Abstract
Induced sputum is a non-invasive method of collecting cells from airways. Gene expression analysis from sputum cells has been used to understand the underlying mechanisms of airway diseases such as asthma or chronic obstructive pulmonary disease (COPD). Suitable reference genes for normalisation of target mRNA levels between sputum samples have not been defined so far.
The current study assessed the expression stability of nine common reference genes in sputum samples from 14 healthy volunteers, 12 asthmatics and 12 COPD patients.
Using three different algorithms (geNorm, NormFinder and BestKeeper), we identified HPRT1 and GNB2L1 as the most optimal reference genes to use for normalisation of quantitative reverse transcriptase (RT) PCR data from sputum cells. The higher expression stability of HPRT1 and GNB2L1 were confirmed in a validation set of patients including nine healthy controls, five COPD patients and five asthmatic patients. In this group, the RNA extraction and RT-PCR methods differed, which attested that these genes remained the most reliable whatever the method used to extract the RNA, generate complementary DNA or amplify it.
Finally, an example of relative quantification of gene expression linked to eosinophils or neutrophils provided more accurate results after normalisation with the reference genes identified as the most stable compared to the least stable and confirmed our findings.
Abstract
The best reference genes to use for normalisation when performing reverse transcriptase qPCR from sputum cells were assessed http://bit.ly/2knSDXm
Introduction
Induced sputum is a non-invasive method used to collect cells from airways, which allows many applications such as measurement of mediators in the supernatant or detailed investigation using the sputum cells [1]. Induced sputum has been used in research to analyse gene expression profile and to better understand the pathophysiology of lung diseases.

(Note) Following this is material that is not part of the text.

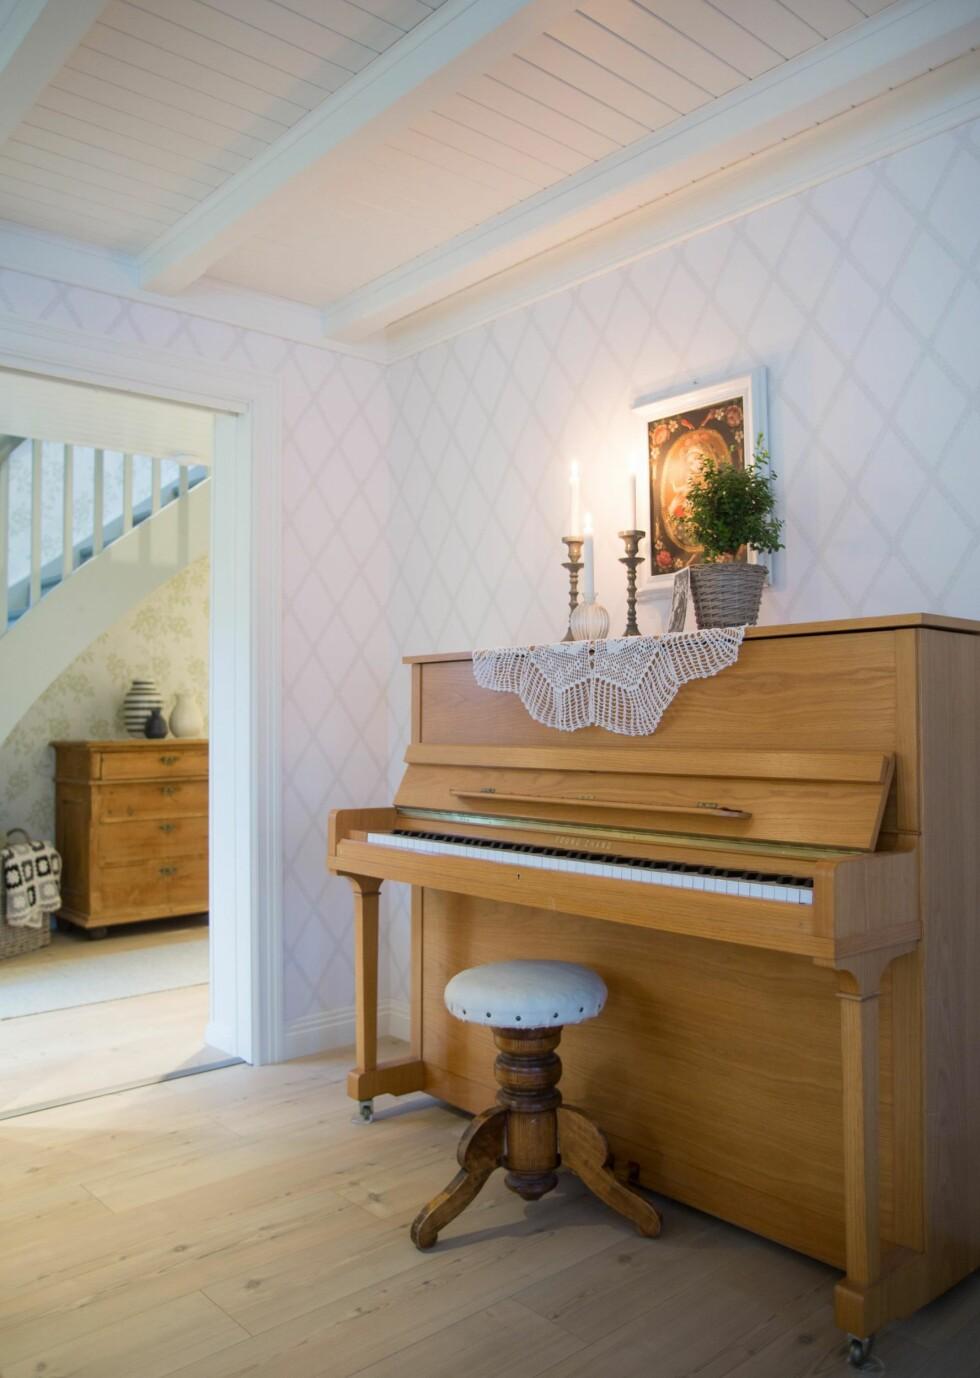 ÅRGANGSTONER: Pianoet er arv fra foreldrene til Marianne. Hun spiller til husbruk. Foto: Siv-Elin Nærø

It has been used specifically to help revealing molecular mechanisms of common lung diseases such as asthma and chronic obstructive pulmonary disease (COPD) [2–6]. The development of reverse transcriptase (RT)-PCR and microarray techniques allowed to detect various RNA-containing infectious agents in induced sputum with high sensitivity [7–9] and to investigate inflammatory mediators [10–12] and microRNA expression [13, 14].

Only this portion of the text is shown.